Помаленьку да понемножку мы всё искоренили: и то, что служит начальству огорчением, и то, что приносит ему утешение. Искоренять так искоренять, особливо в Ницце, где никто, даже мосье Декре, не шепнет, что вот, дескать, явились какие-то одержимые, которые и то, что подрывает основы, истребляют, да и тому, что поддерживает оные, поблажки не дают. Но, обсудив внимательнее подлежащие искоренению предметы, мы все-таки пришли к заключению, что ничто не будет надлежащим образом искоренено, покуда не будет искоренена… литература. Каким образом мы пришли к этому заключению — я опять-таки объяснить не могу, но полагаю, что идея об искоренении литературы есть идея врожденная, от природы свойственная русскому культурному человеку.
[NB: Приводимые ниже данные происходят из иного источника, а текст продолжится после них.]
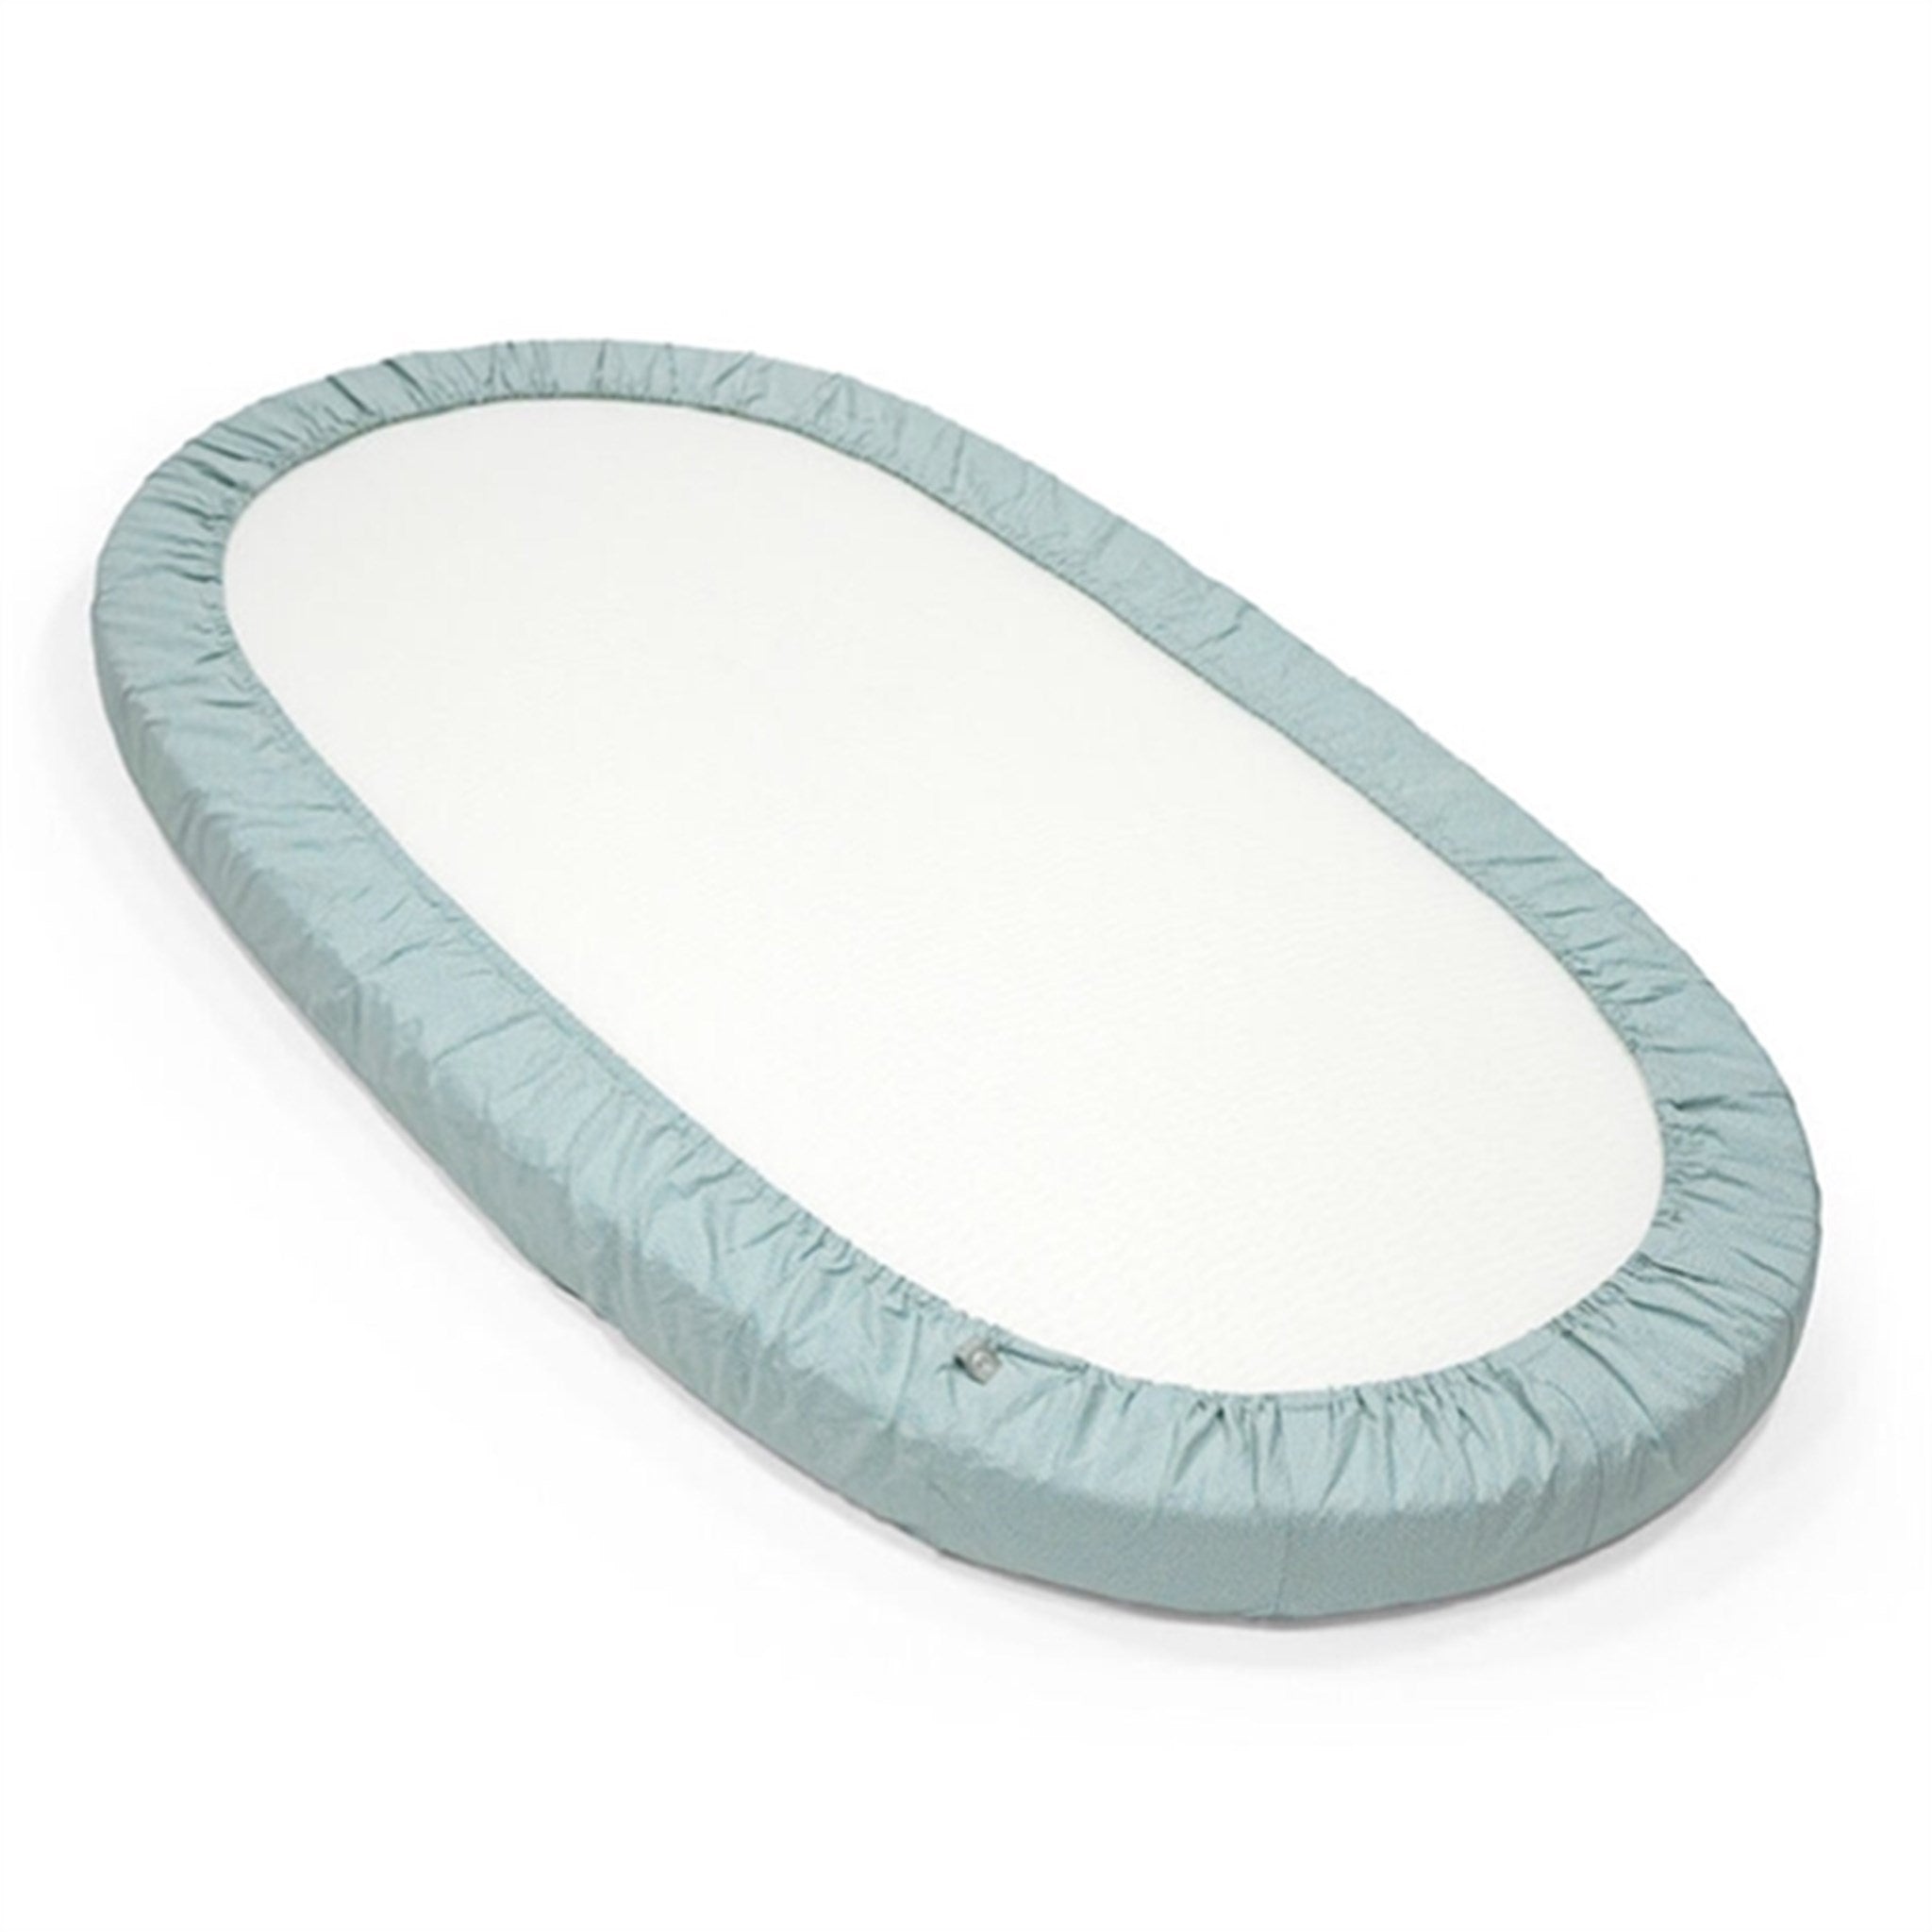 Stokke® Sleepi™ Bed Fitted Sheet White V3 2

Какой вред наносила литература нам, «шлющимся» людям, собравшимся вкупе для «игры в комиссии», — это теперь для меня совсем непонятно. Но помню, что, когда я находился в самом сердце «дела», было и понятно и убедительно.
Однако ж в начале «игры», ощущая себя литератором, я затесался «налево» (левее меня сидел только прокурор, но тот уж был чистейшей воды монтаньяр) и довольно бодро и высоко держал знамя оппозиции. Помню даже, что однажды, когда малокровный штабс-ротмистр, споспешествуемый прокурором, предложил одну часть произведений литературы сжечь рукою палача, а другую потопить в реке, литераторов же водворить в уездный город Мезень (прокурор, вместо Мезени, допускал Варнавин — одною степенью меньше), то я не выдержал и произнес очень горячую и прочувствованную речь.
— Господа! — сказал я, — я понимаю, что вопрос об искоренении литературы не мог избежать предназначенной ему участи, но решительно не могу понять того ожесточения, с которым вы приступаете к его обсуждению. Что сделала наша литература столь преступного, что вы находите недостаточным простое ее искоренение, но предлагаете таковое с употреблением огня и меча? Чем заслужила она участие палача в имеющем постигнуть ее искоренении? Или оскудели городовые? Или стрелы небесные и земные утратили свою силу и меткость? Нет, все идет своим чередом, городовые стоят на своих местах, а небо, как и древле, сыплет на нас своими молниями!.. А мы, простые гулящие русские люди, в платоническом исступлении раздираем на себе ризы! Почему?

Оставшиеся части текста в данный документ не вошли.